[What you are asked to do] Retype the data below verbatim; pictures do not belong in the copy.

[The data]
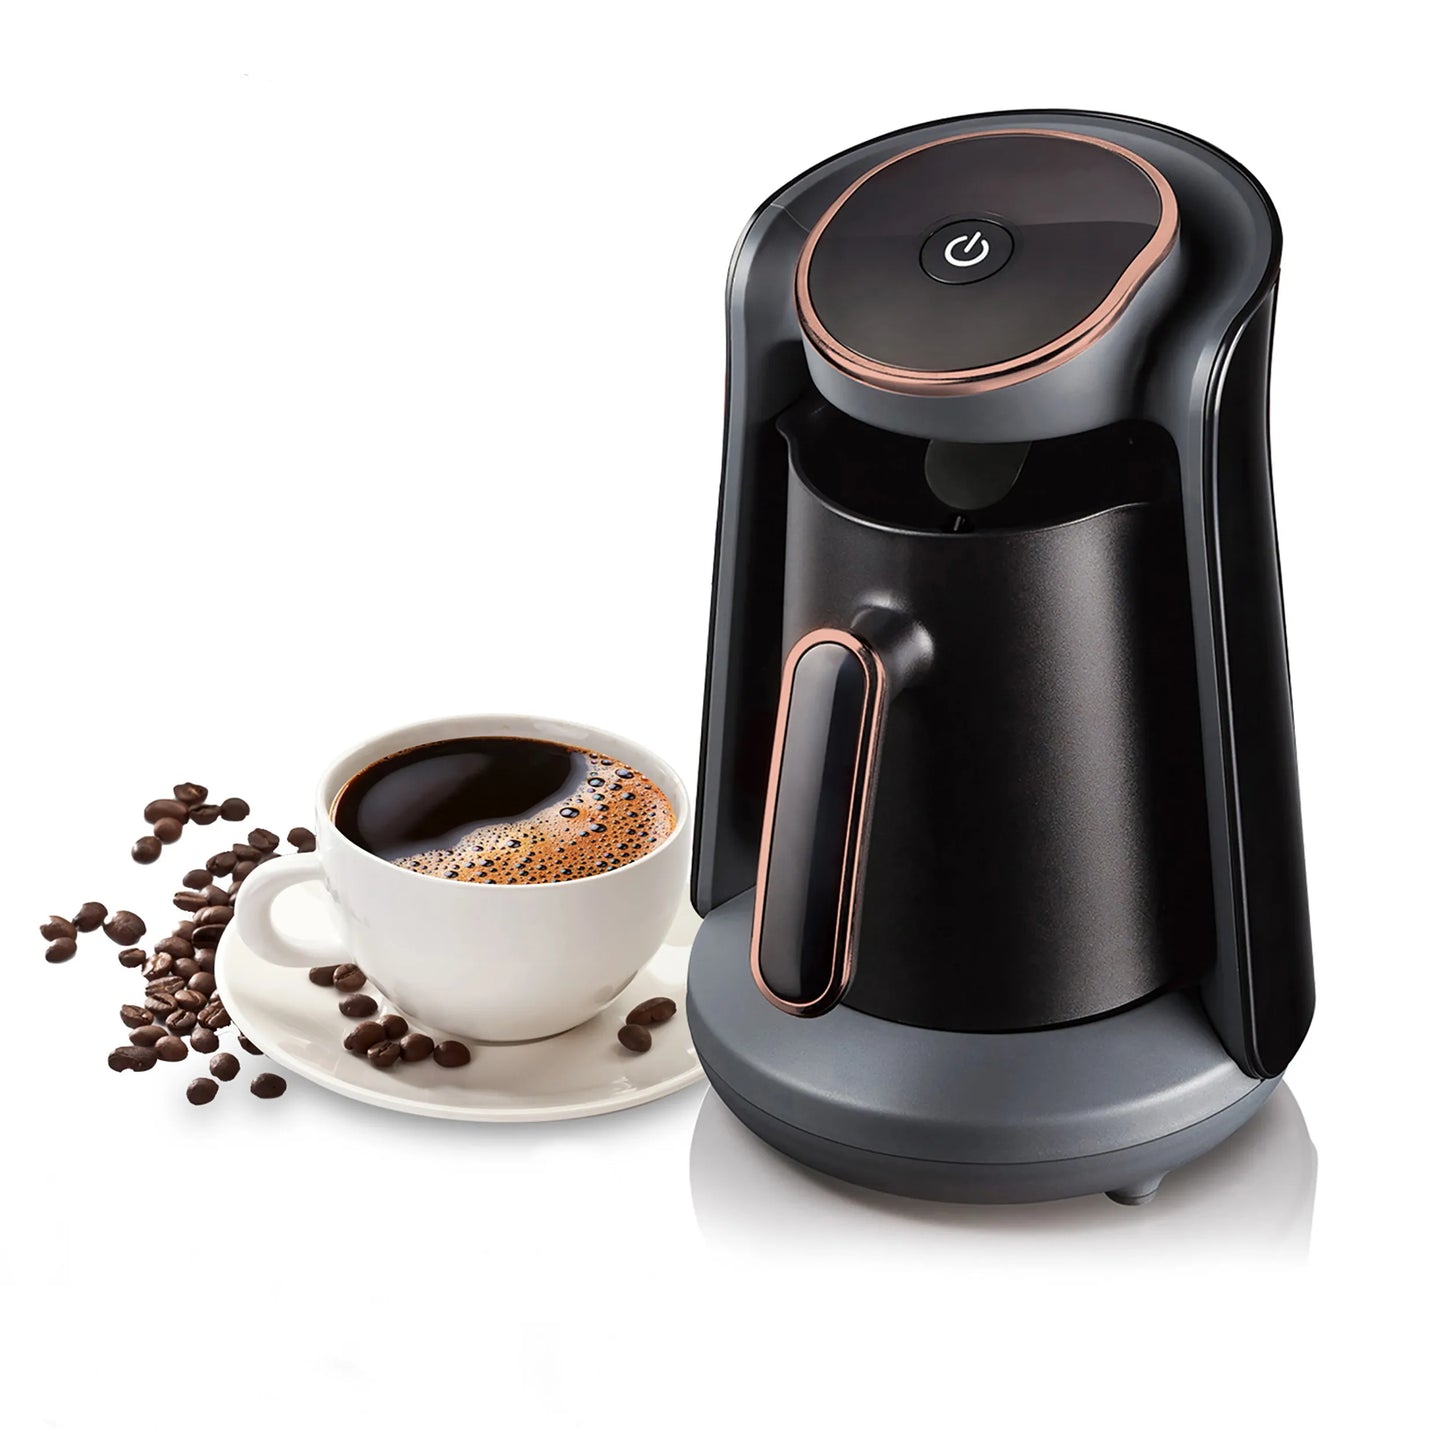 Coffee Pots Moka Pot 0.5L Semi-automatic Turkish Coffee Maker Thermal Cup Coffee Capsules For Coffee Machine Milk Cappuccino
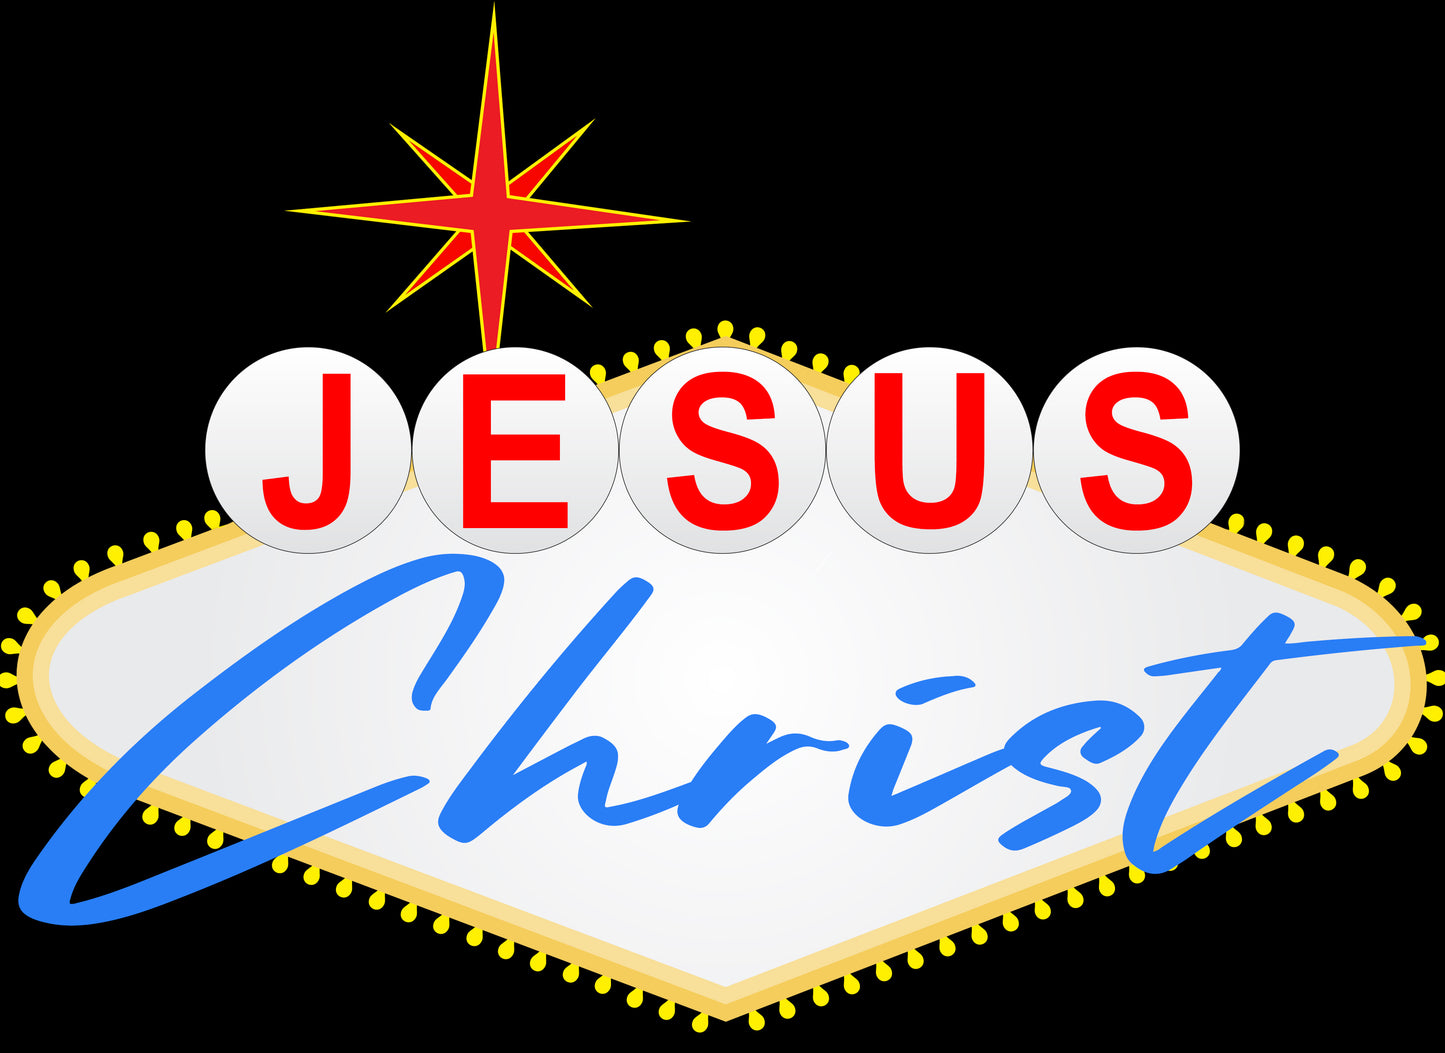 Jesus Christ (Las Vegas Sign)
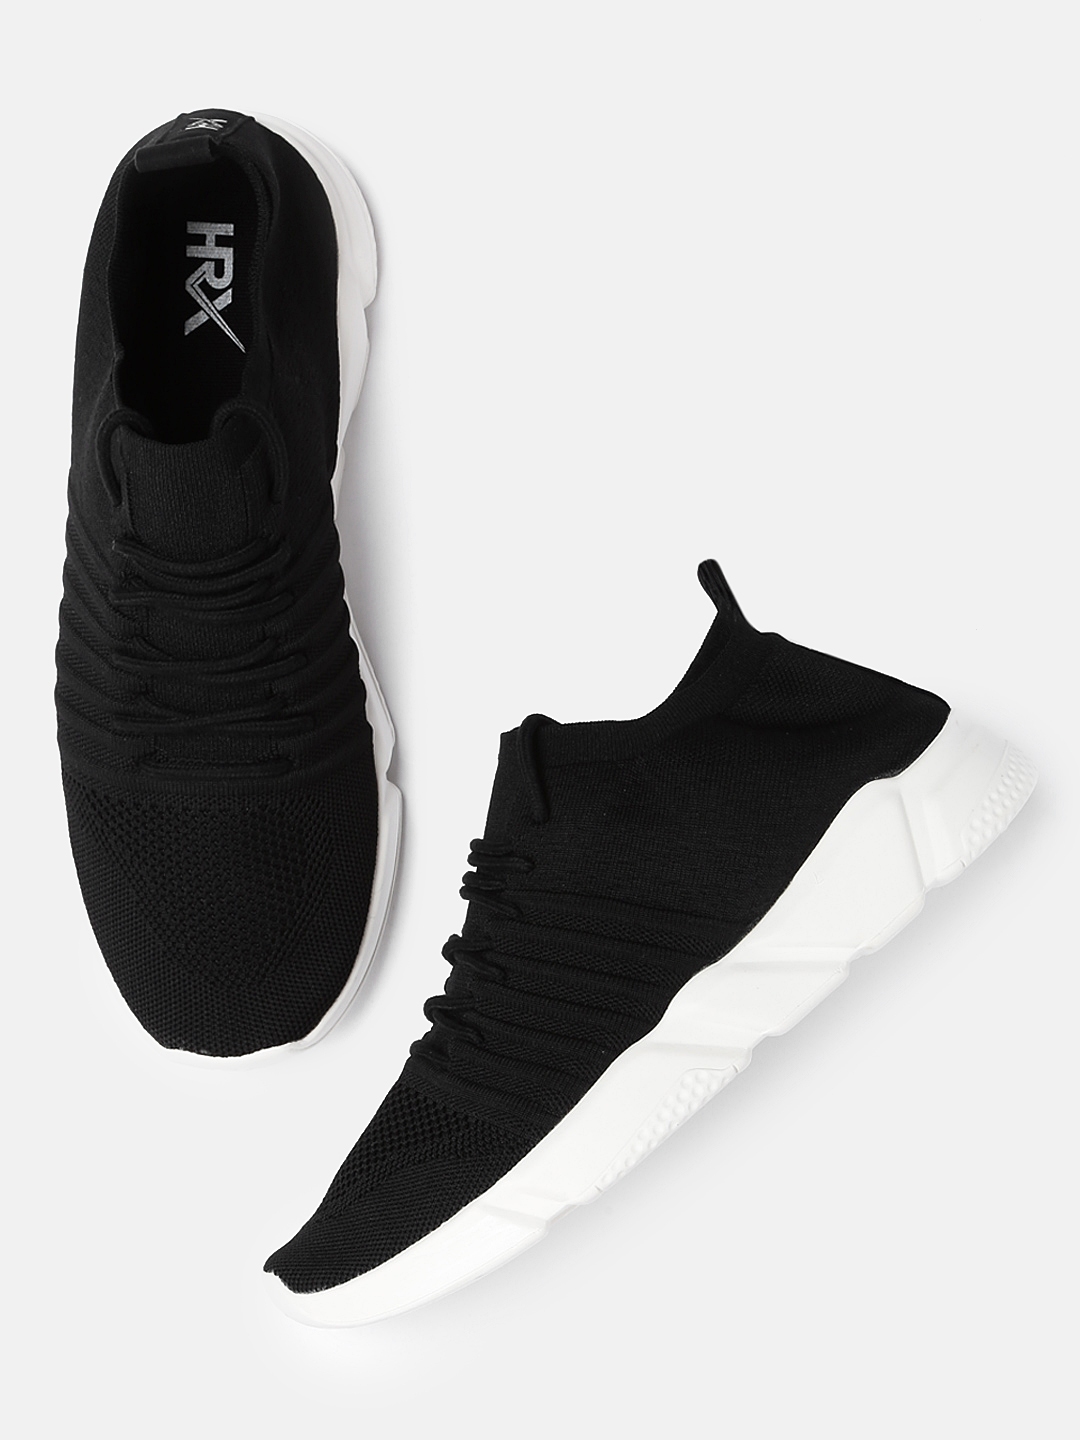 hrx black running shoes
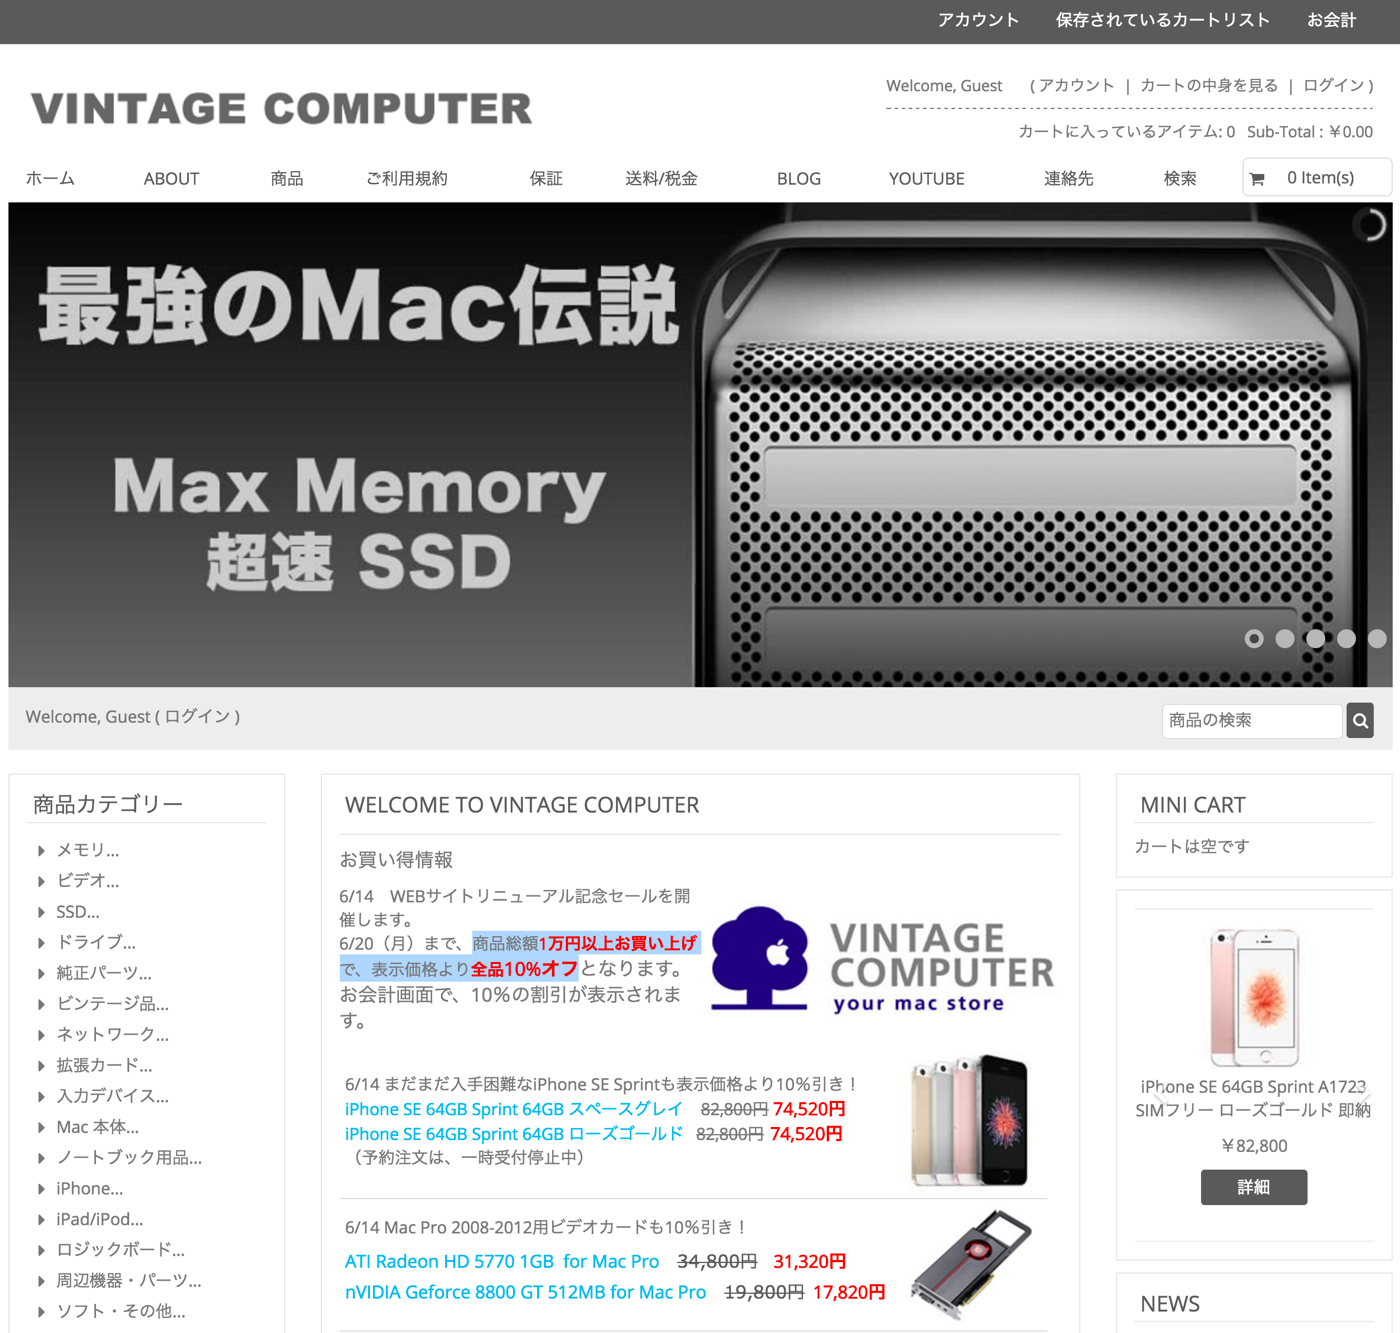 Vintage Computer、｢WEBサイトリニューアル記念セール｣を開催中 − 1万円以上購入で全品10%オフ

[Answer]
 Coffee Pots Moka Pot 0.5L Semi-automatic Turkish Coffee Maker Thermal Cup Coffee Capsules For Coffee Machine Milk Cappuccino
 Jesus Christ (Las Vegas Sign)
 hrx black running shoes
 Vintage Computer、｢WEBサイトリニューアル記念セール｣を開催中 − 1万円以上購入で全品10%オフ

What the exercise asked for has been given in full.